REQUIRED ACTION: From the first line to the last, copy the listing exactly and omit the images.

THE DATA:
Segment Open

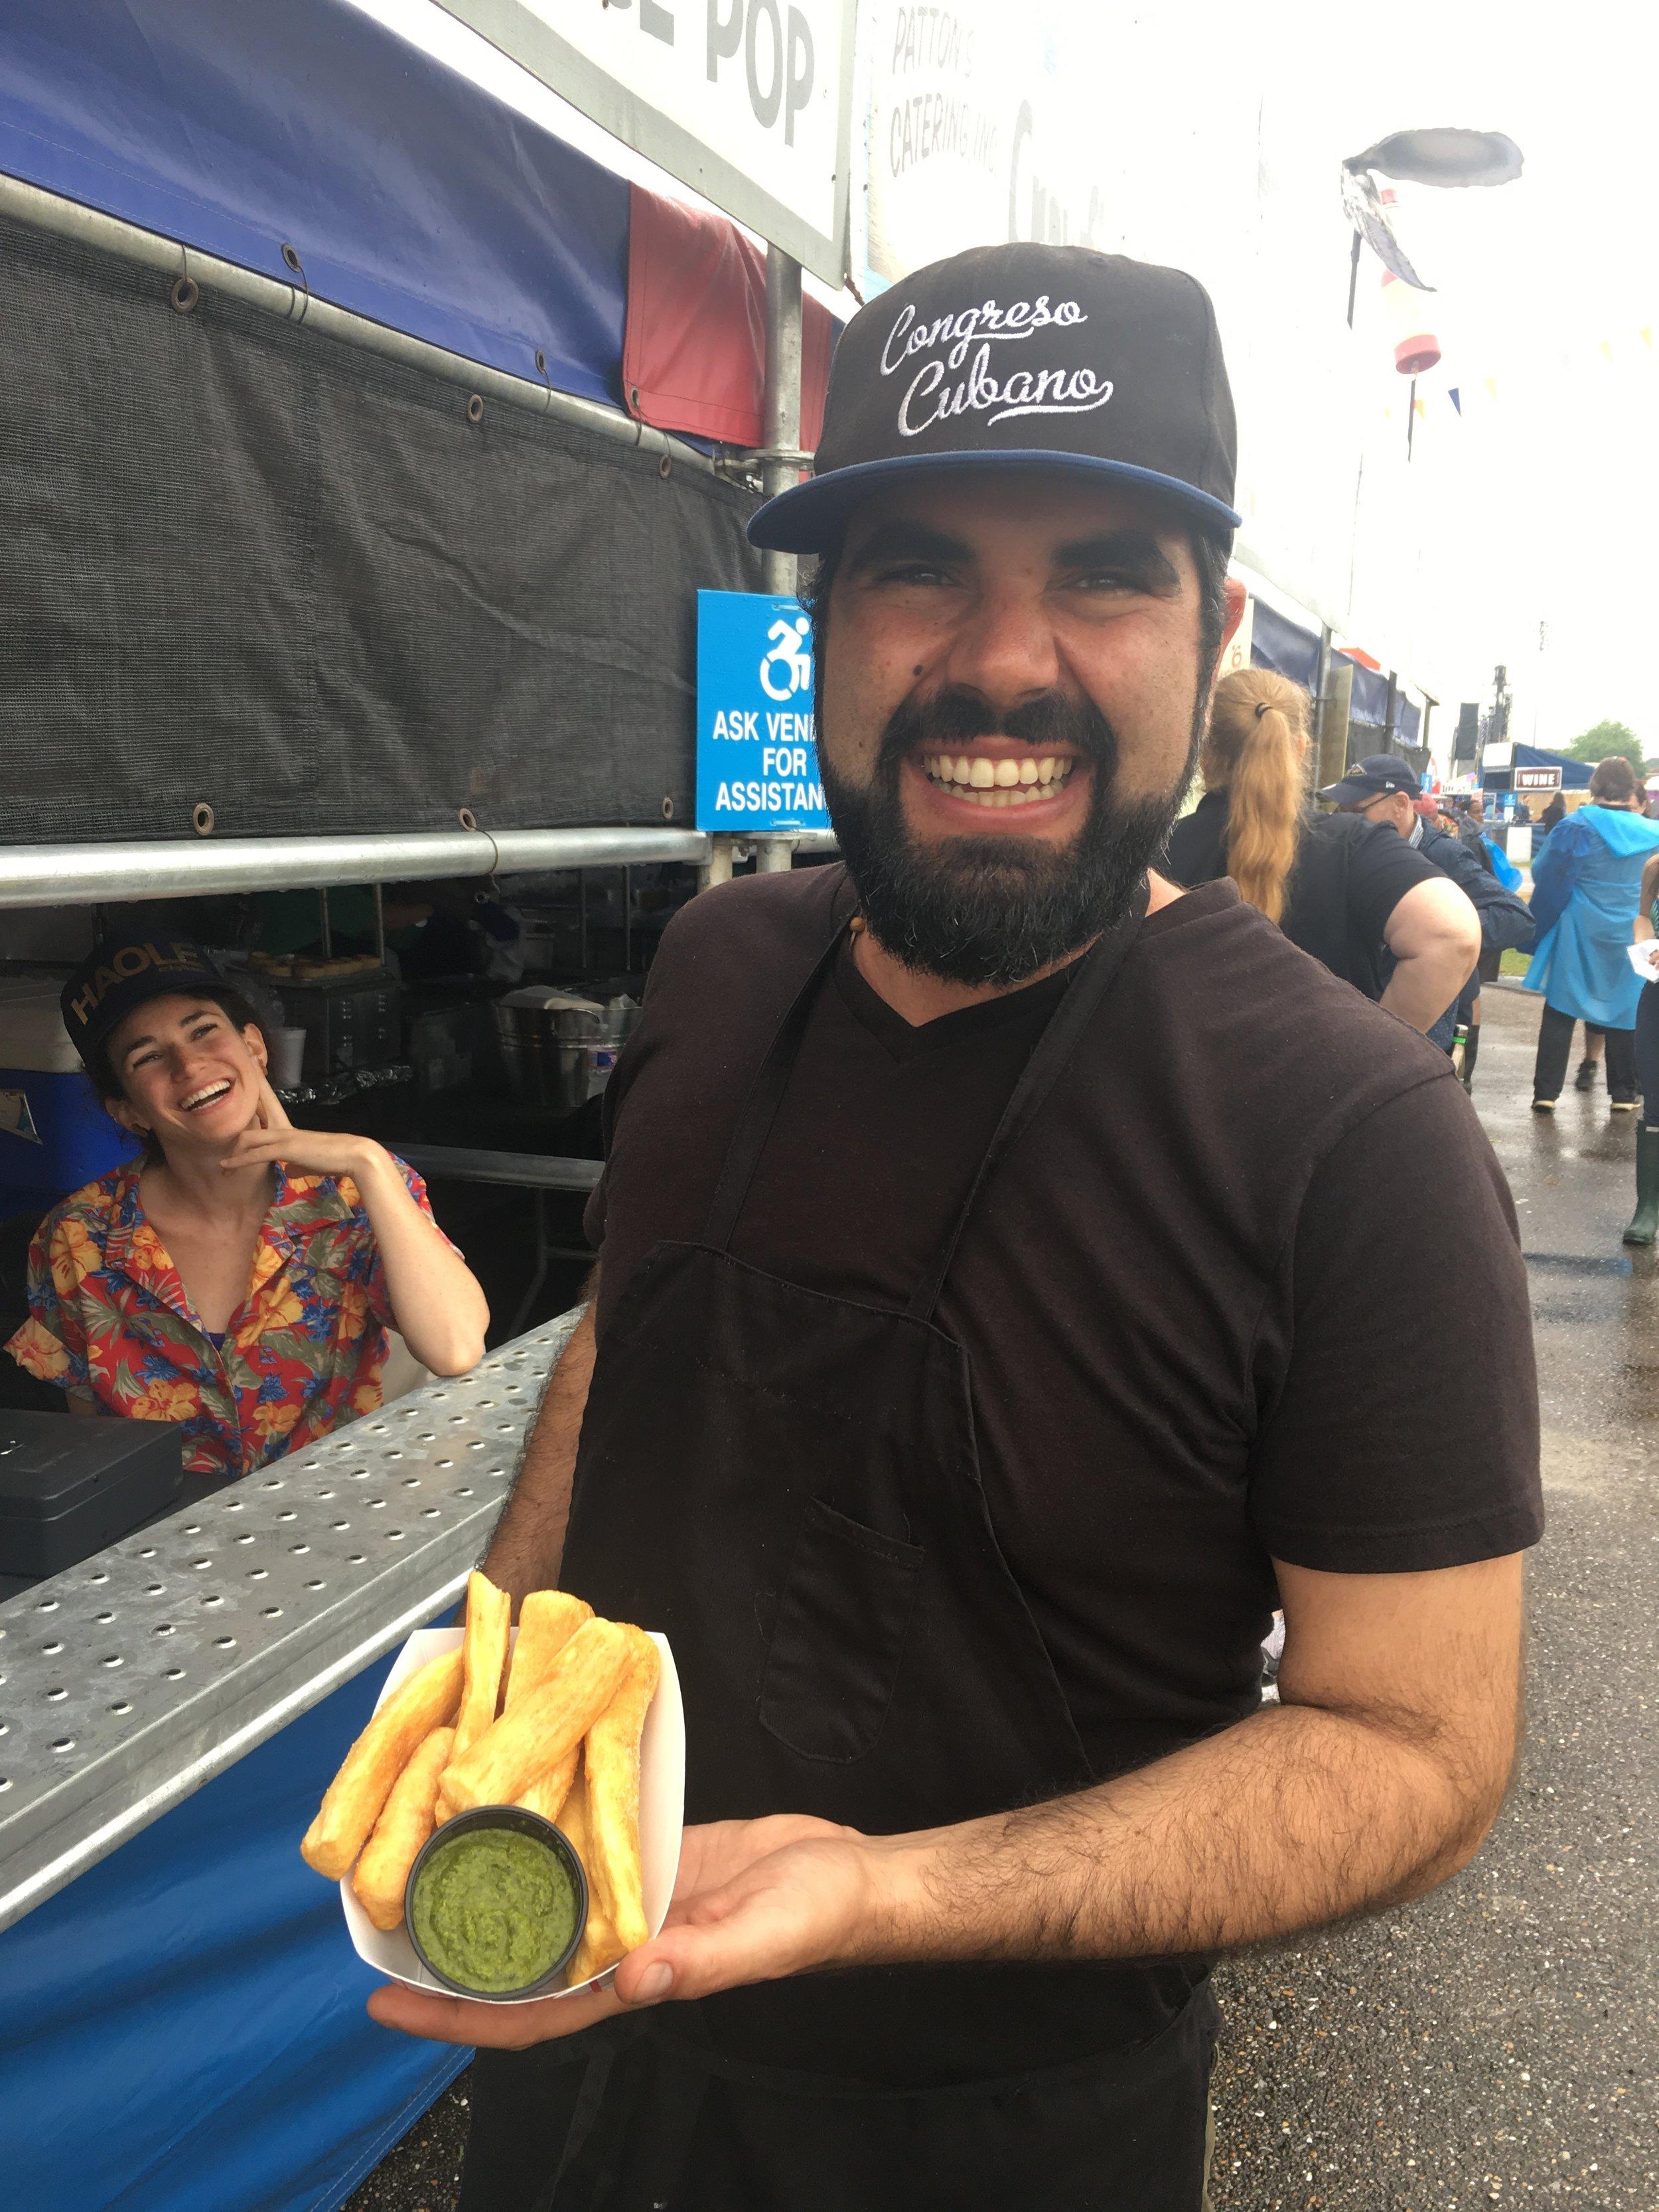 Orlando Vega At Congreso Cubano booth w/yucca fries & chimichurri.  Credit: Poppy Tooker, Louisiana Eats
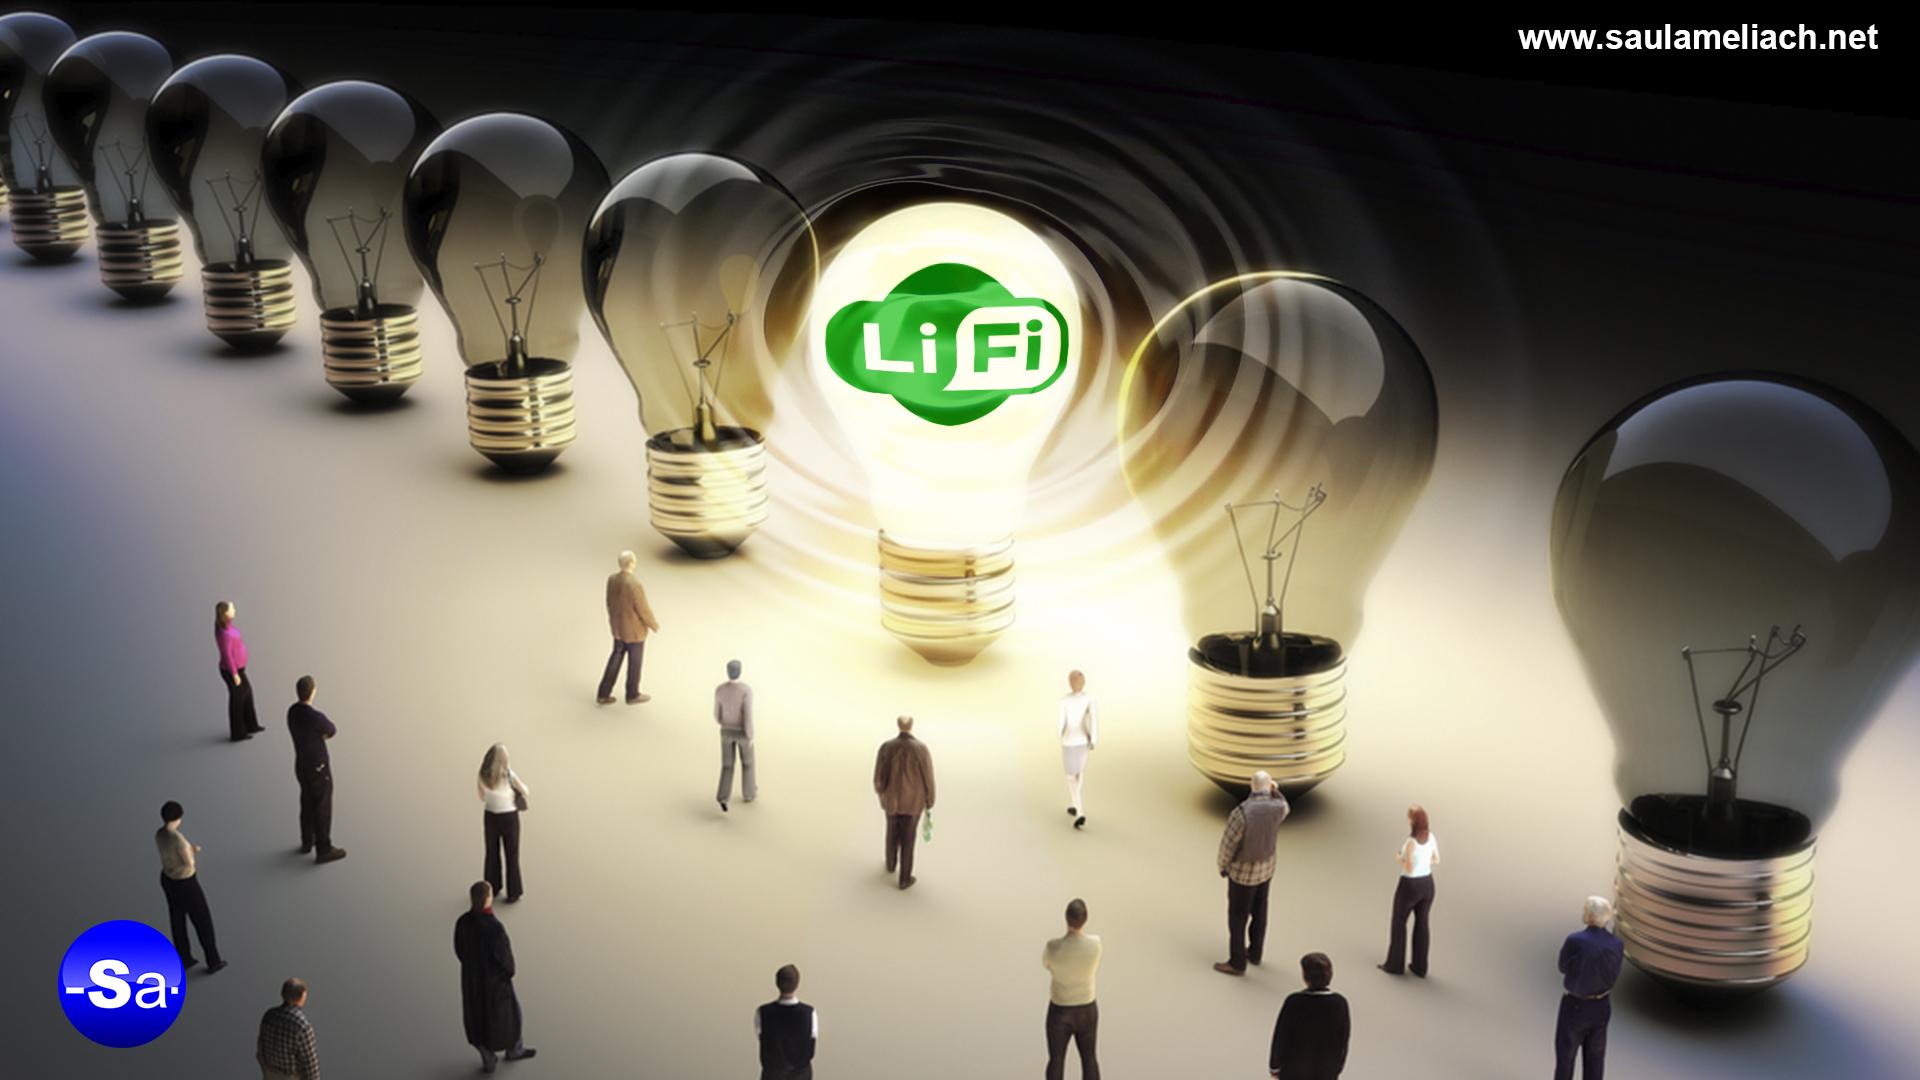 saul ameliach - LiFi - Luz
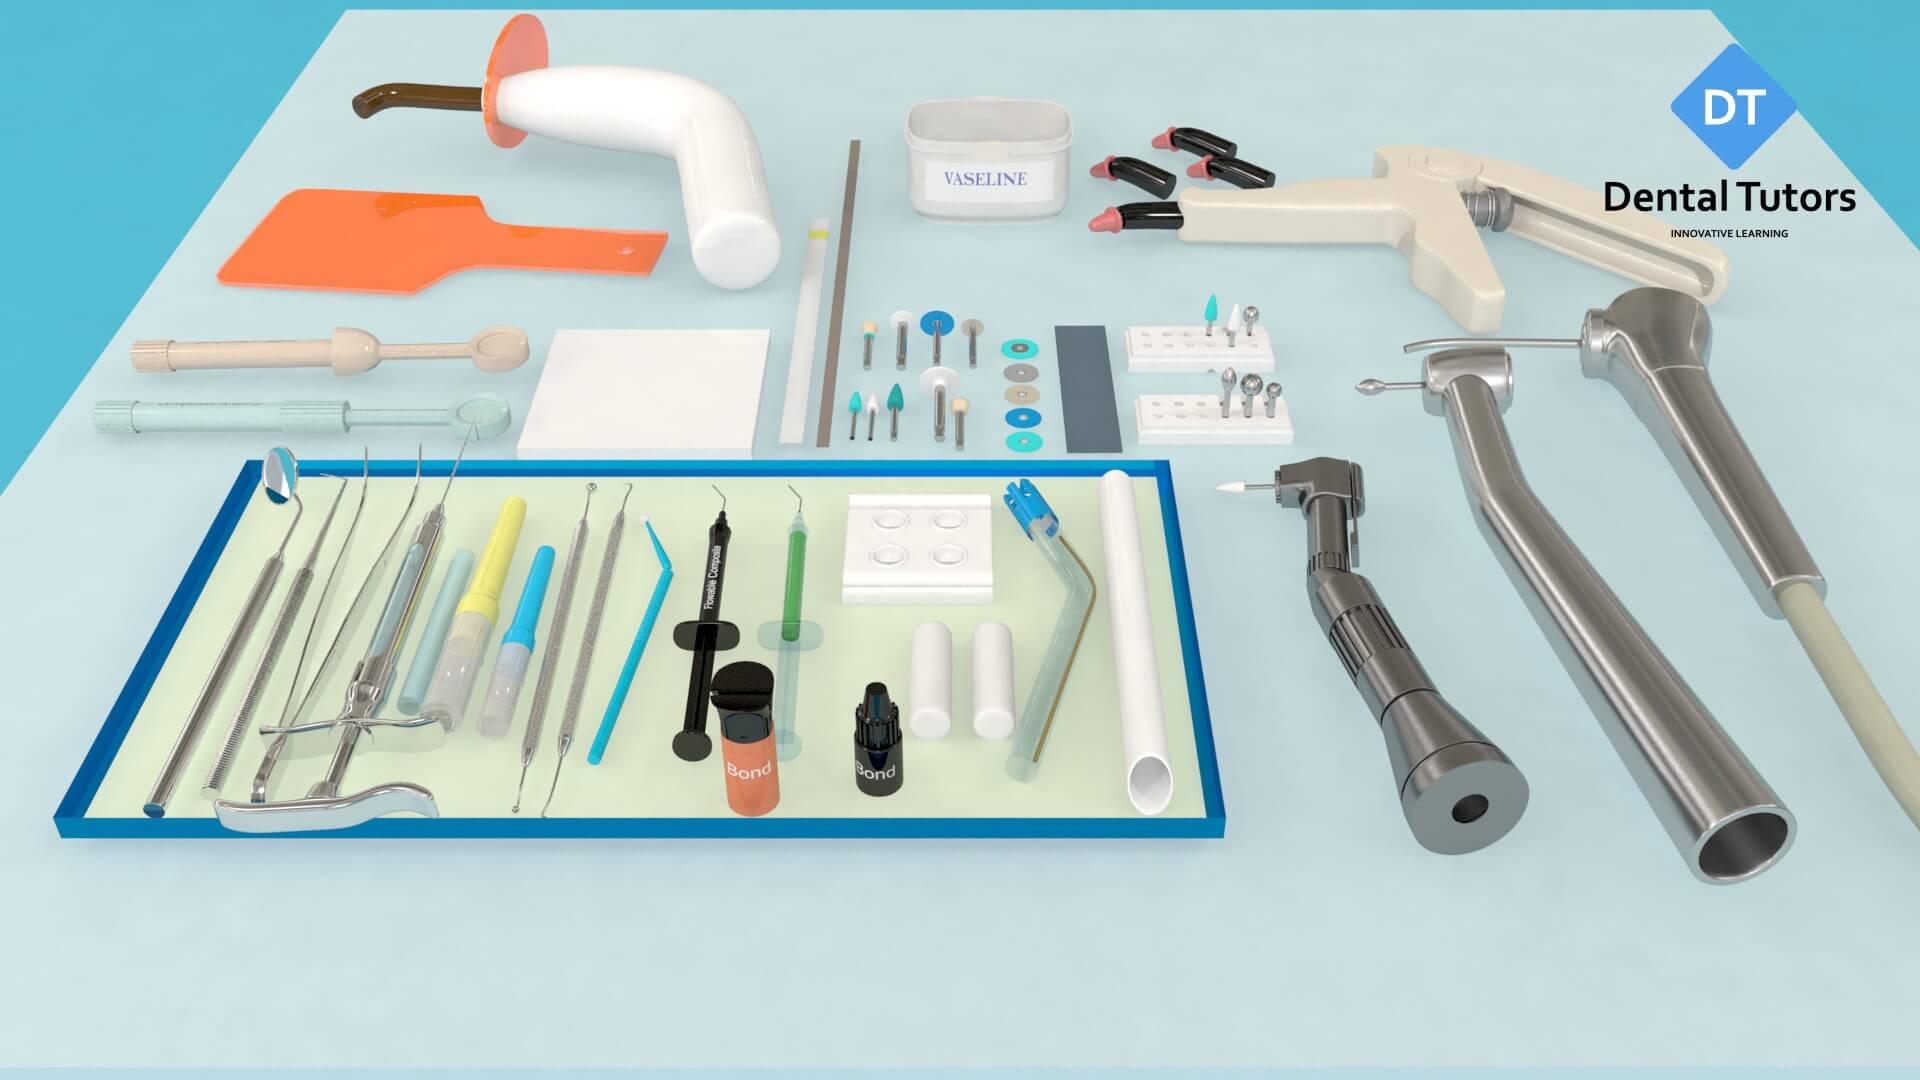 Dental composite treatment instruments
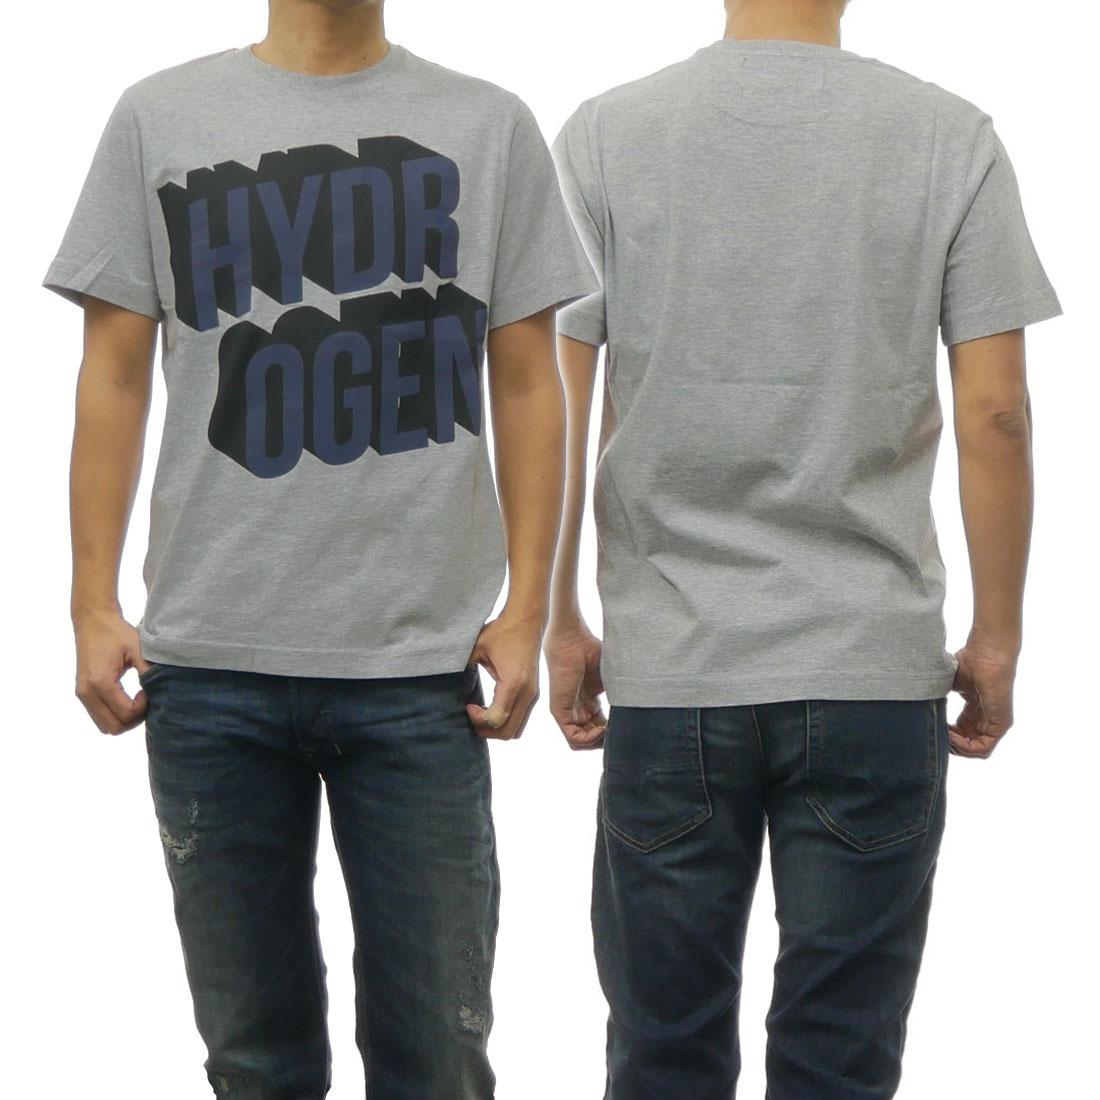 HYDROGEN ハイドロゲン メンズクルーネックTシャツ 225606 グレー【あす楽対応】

Segment Closed

SOLUTION BELOW:
 Orlando Vega At Congreso Cubano booth w/yucca fries & chimichurri.  Credit: Poppy Tooker, Louisiana Eats
 saul ameliach - LiFi - Luz
 Dental composite treatment instruments
 HYDROGEN ハイドロゲン メンズクルーネックTシャツ 225606 グレー【あす楽対応】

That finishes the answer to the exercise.